Work task: Leaving all pictures aside, write out the records below precisely as given.

Saved data entries:

+ + + + +

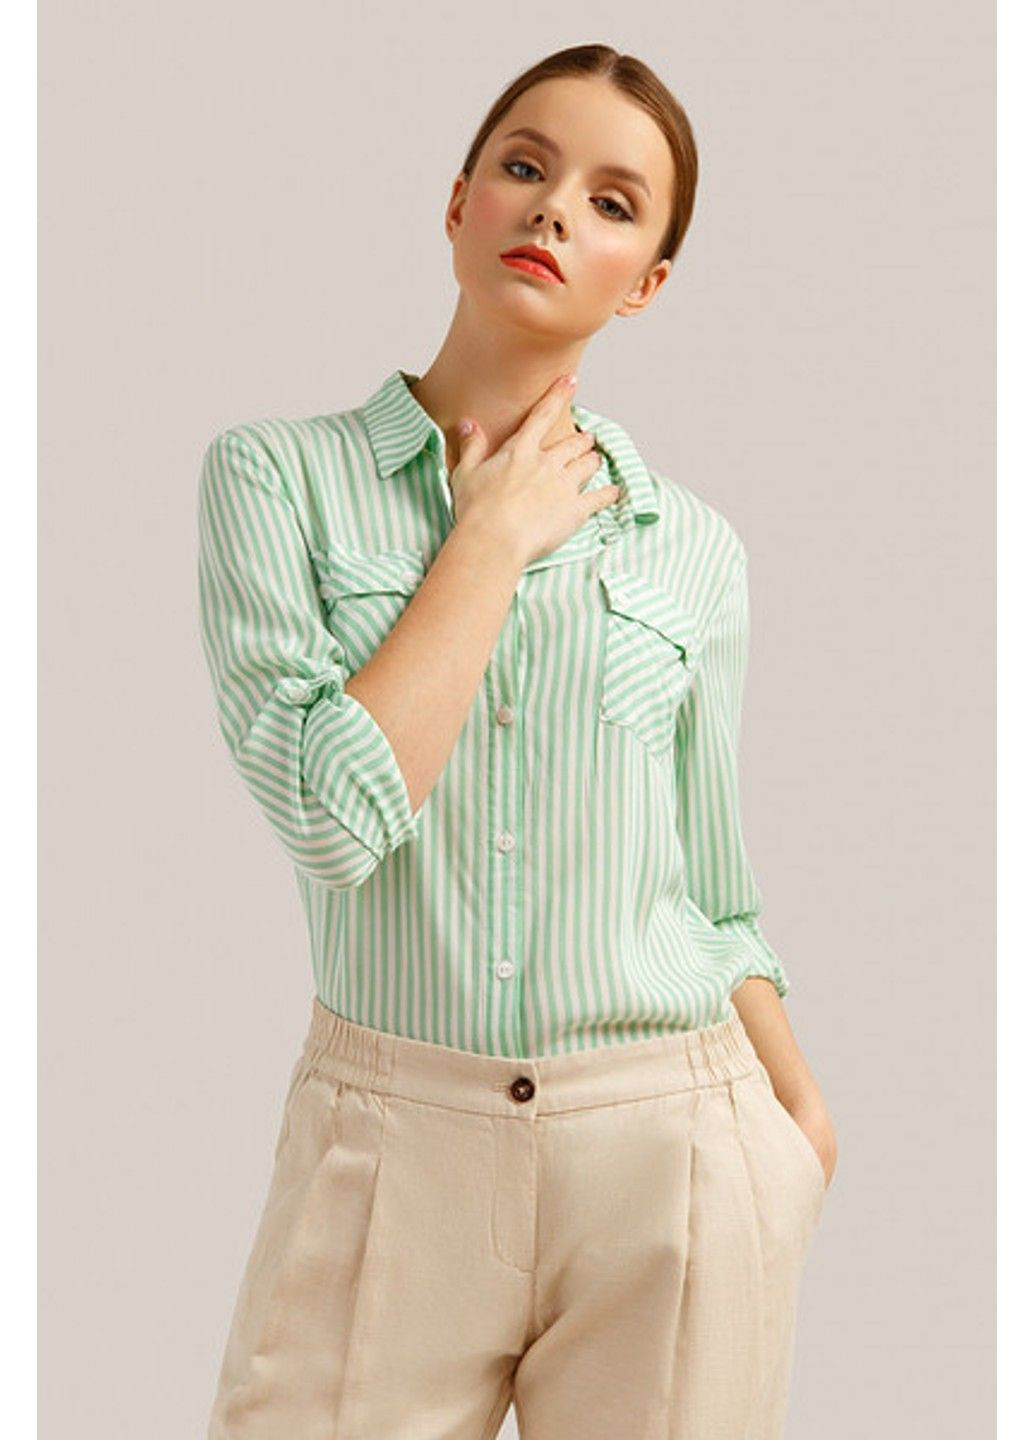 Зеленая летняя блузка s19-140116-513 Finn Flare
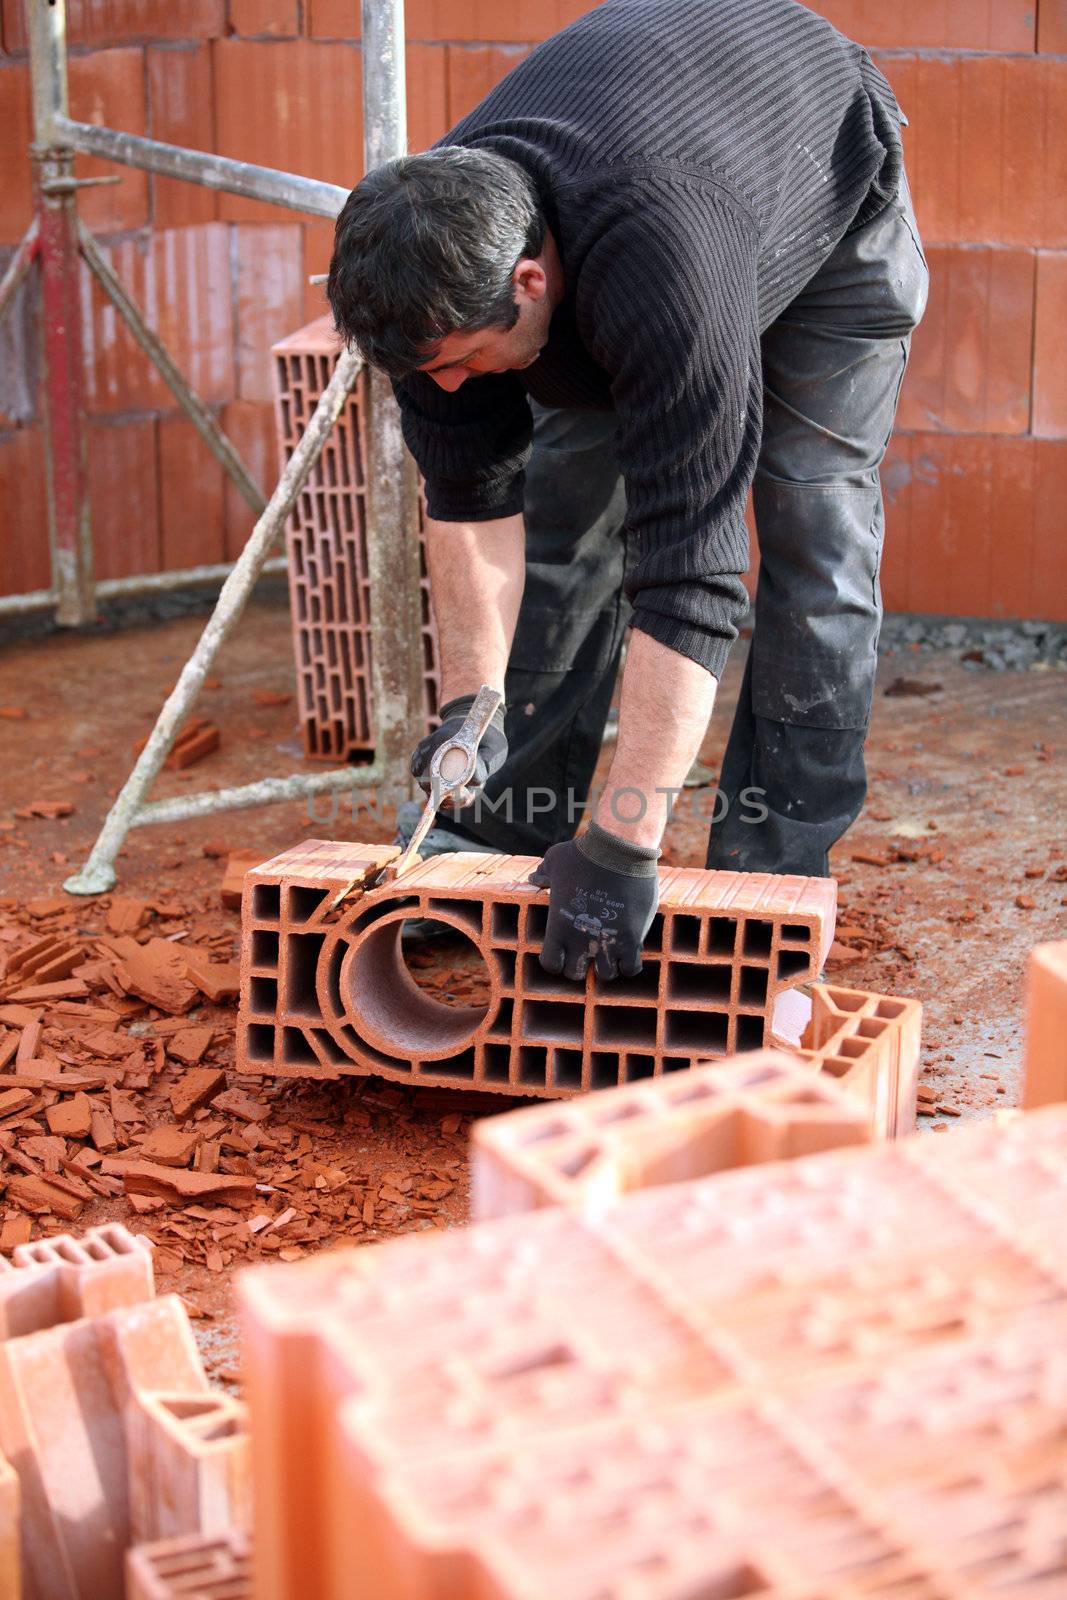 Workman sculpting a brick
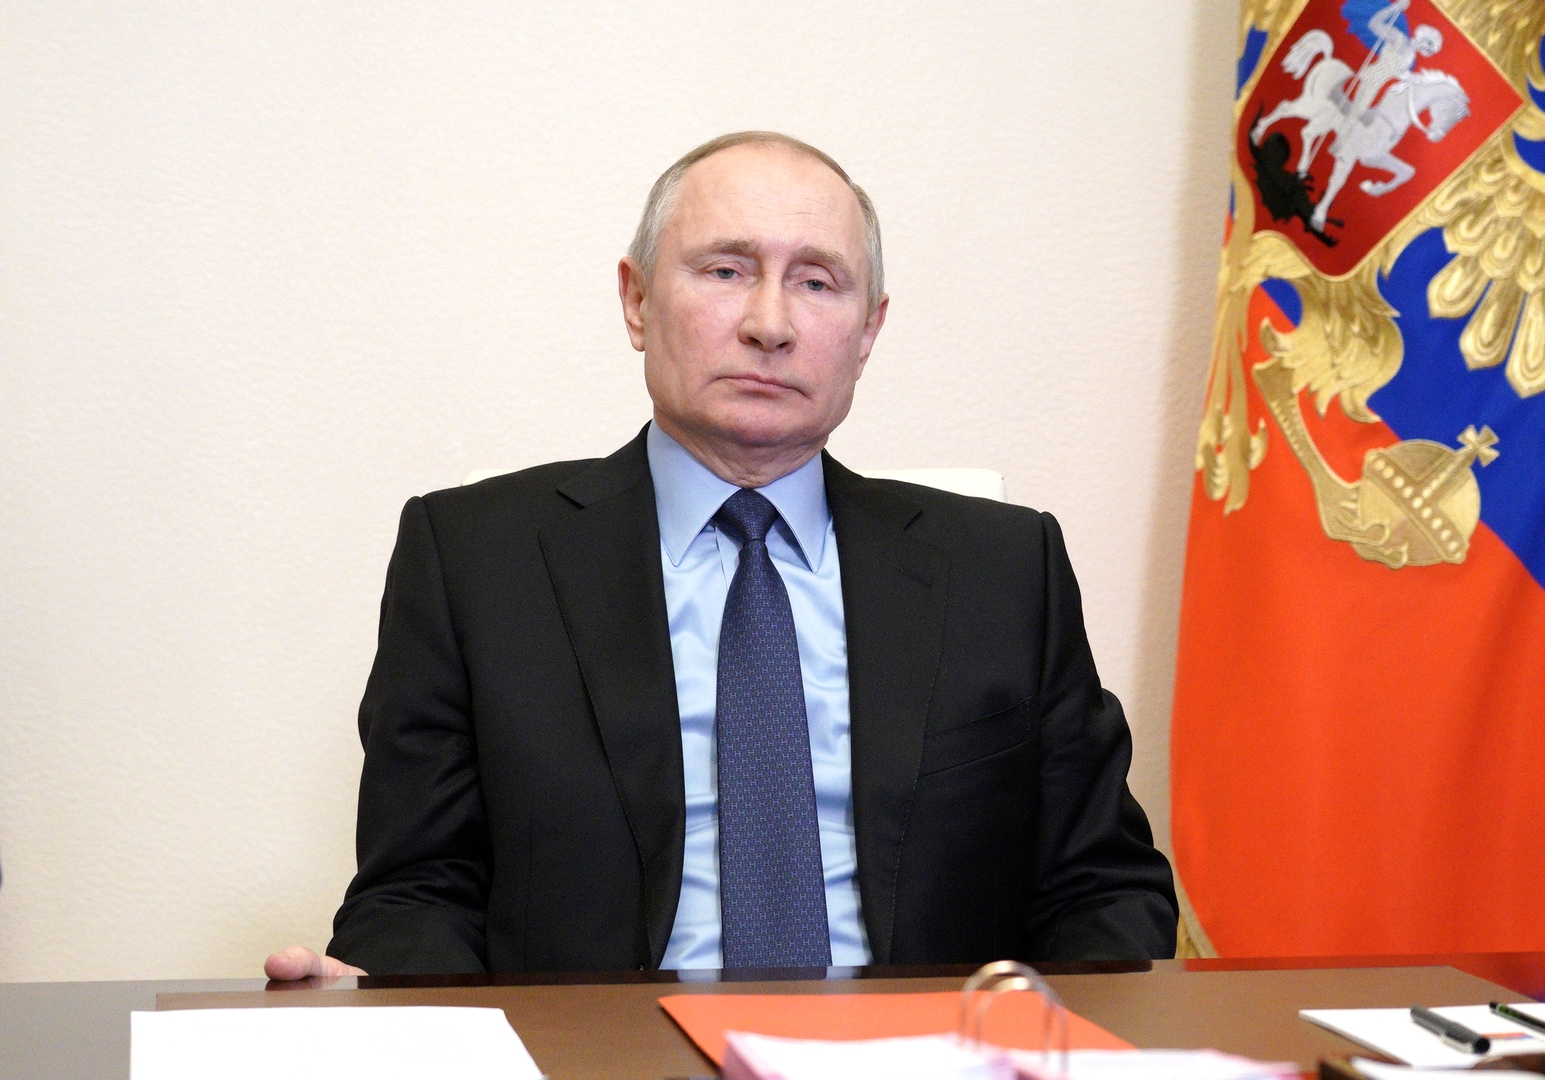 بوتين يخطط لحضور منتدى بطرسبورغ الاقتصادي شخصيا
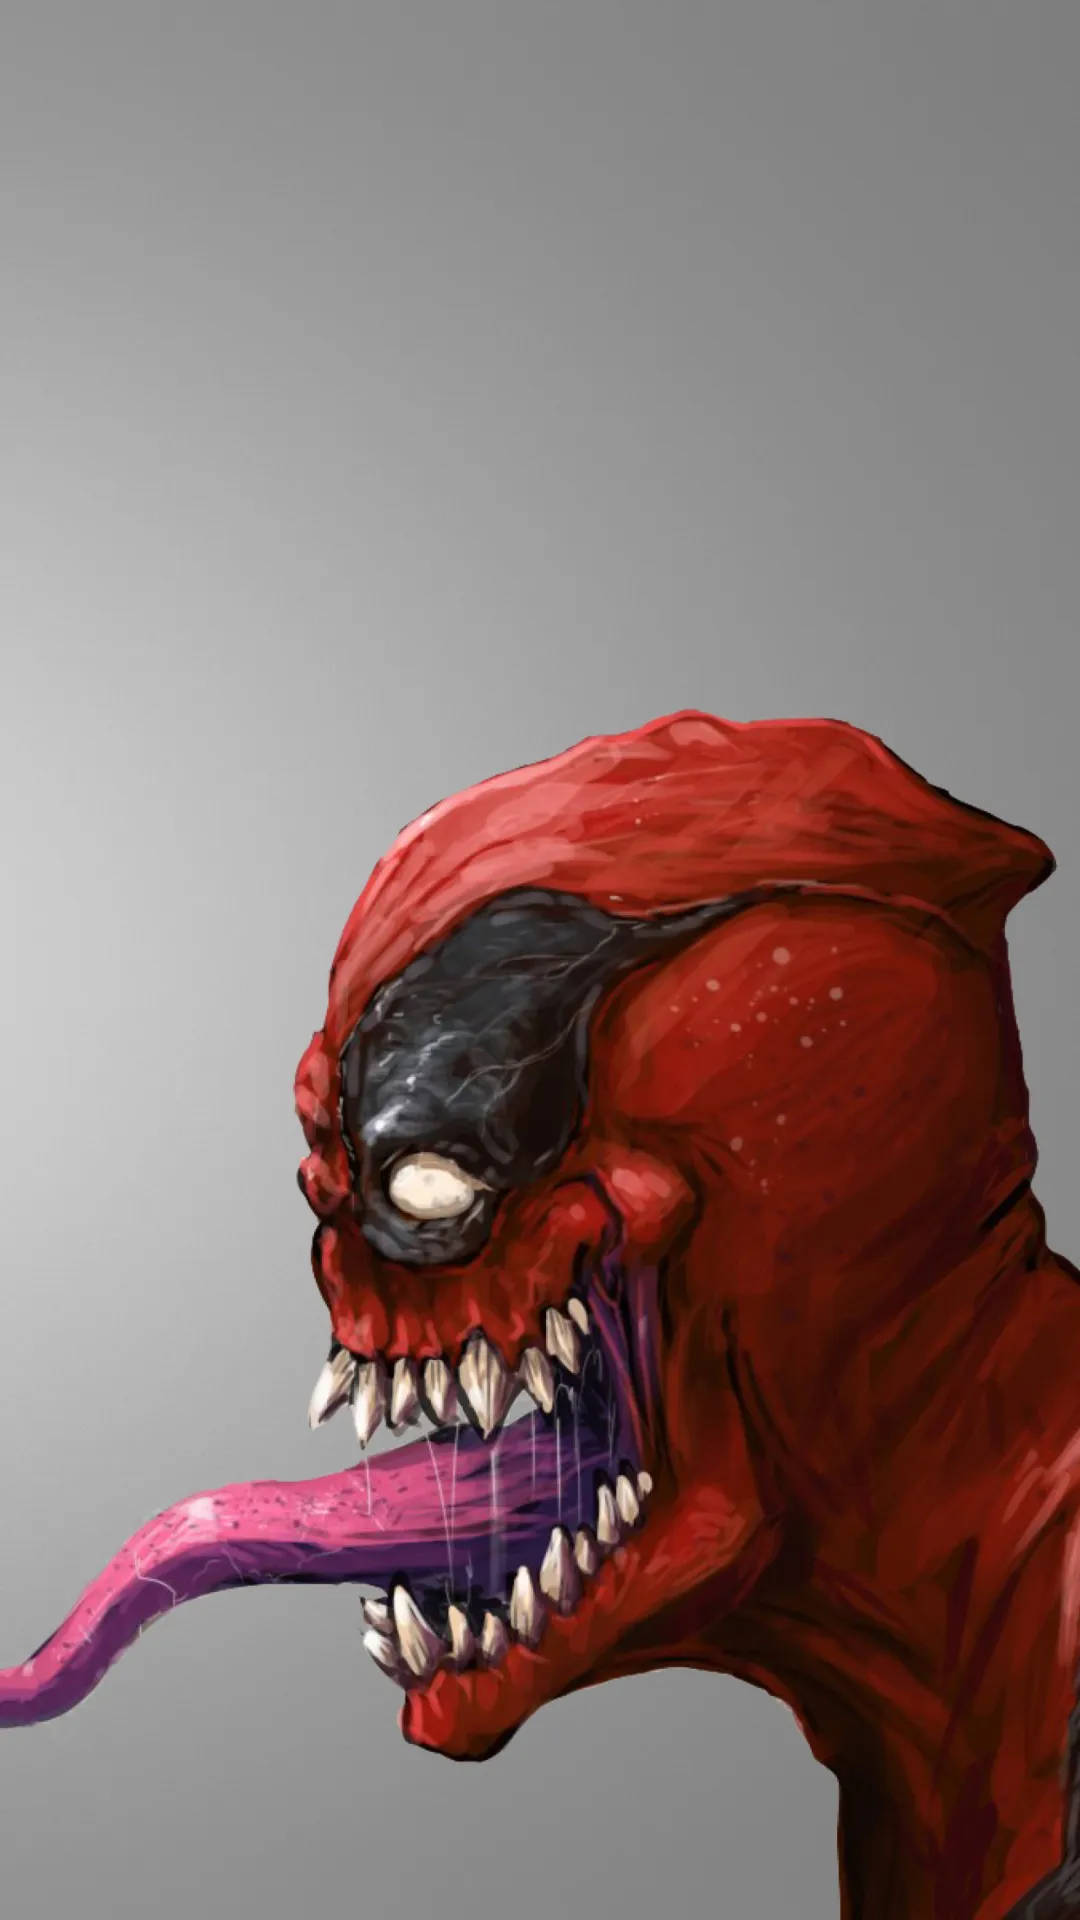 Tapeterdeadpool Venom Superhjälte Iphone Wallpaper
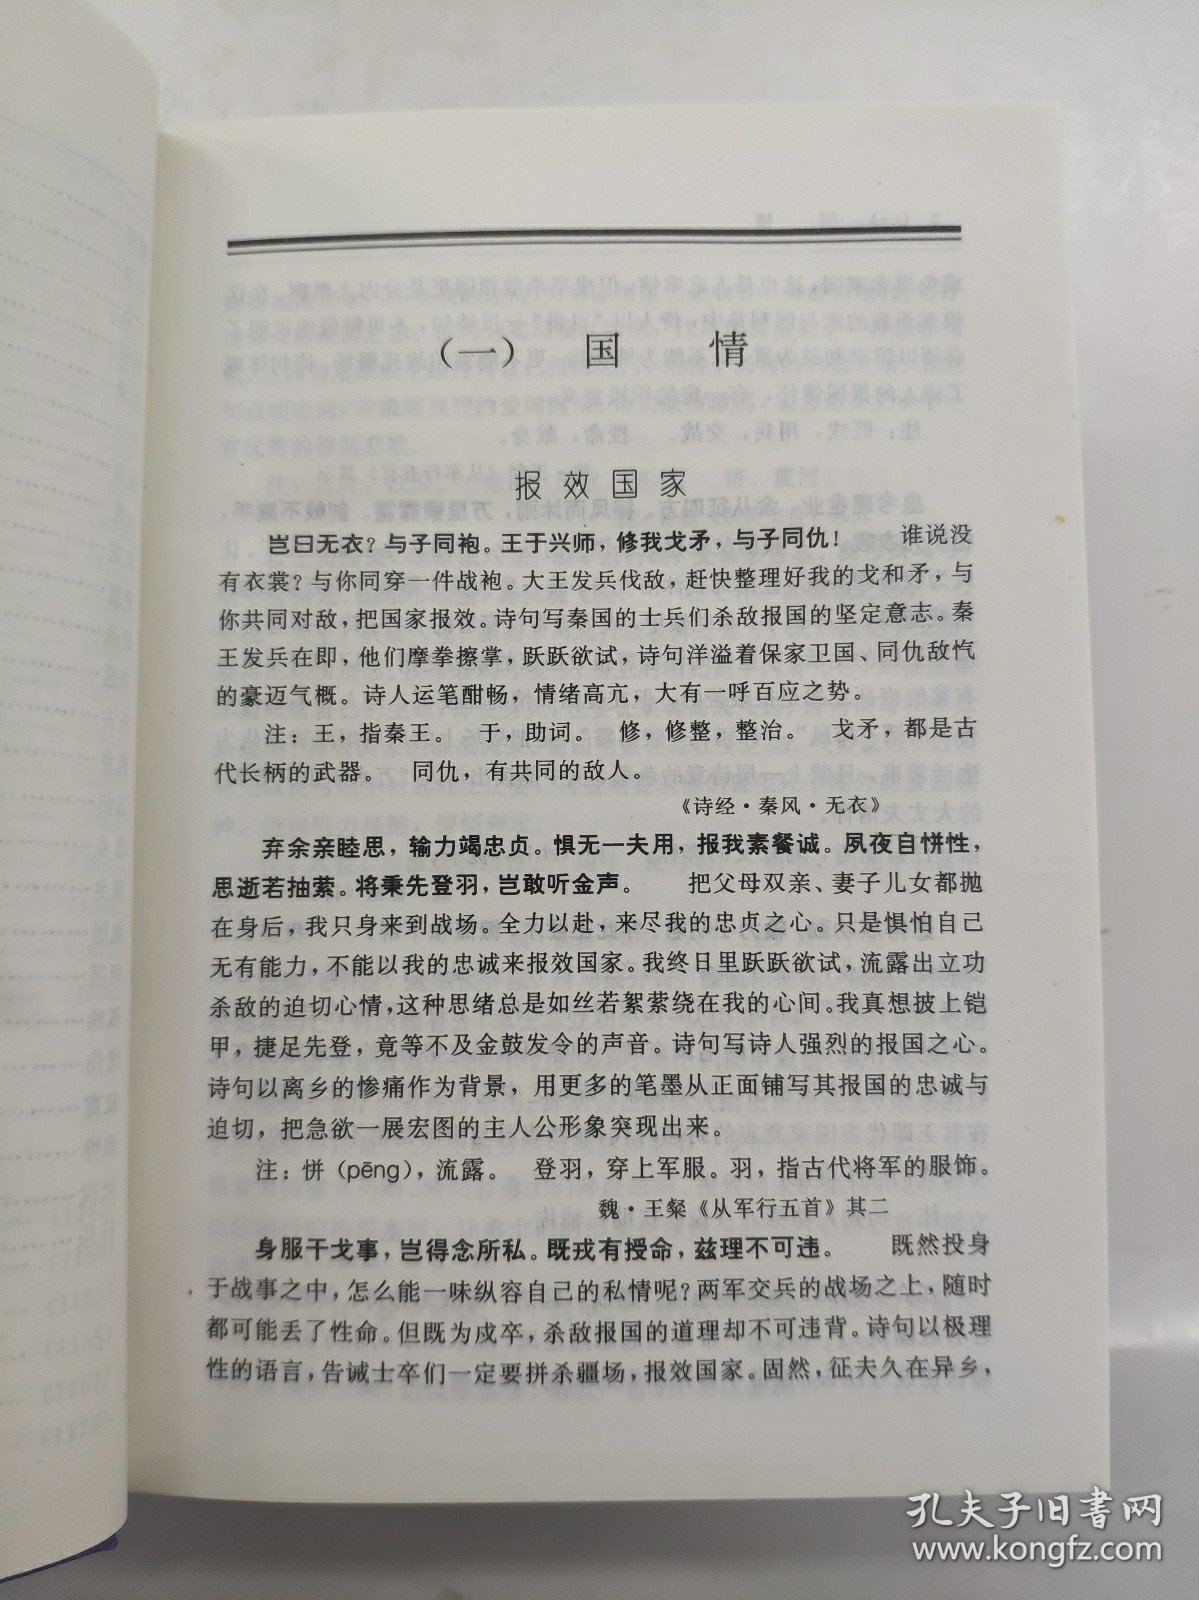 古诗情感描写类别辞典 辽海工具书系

+ + + + +

Answer for the task:
 Зеленая летняя блузка s19-140116-513 Finn Flare
 Workman sculpting a brick
 بوتين يخطط لحضور منتدى بطرسبورغ الاقتصادي شخصيا
 Tapeterdeadpool Venom Superhjälte Iphone Wallpaper
 古诗情感描写类别辞典 辽海工具书系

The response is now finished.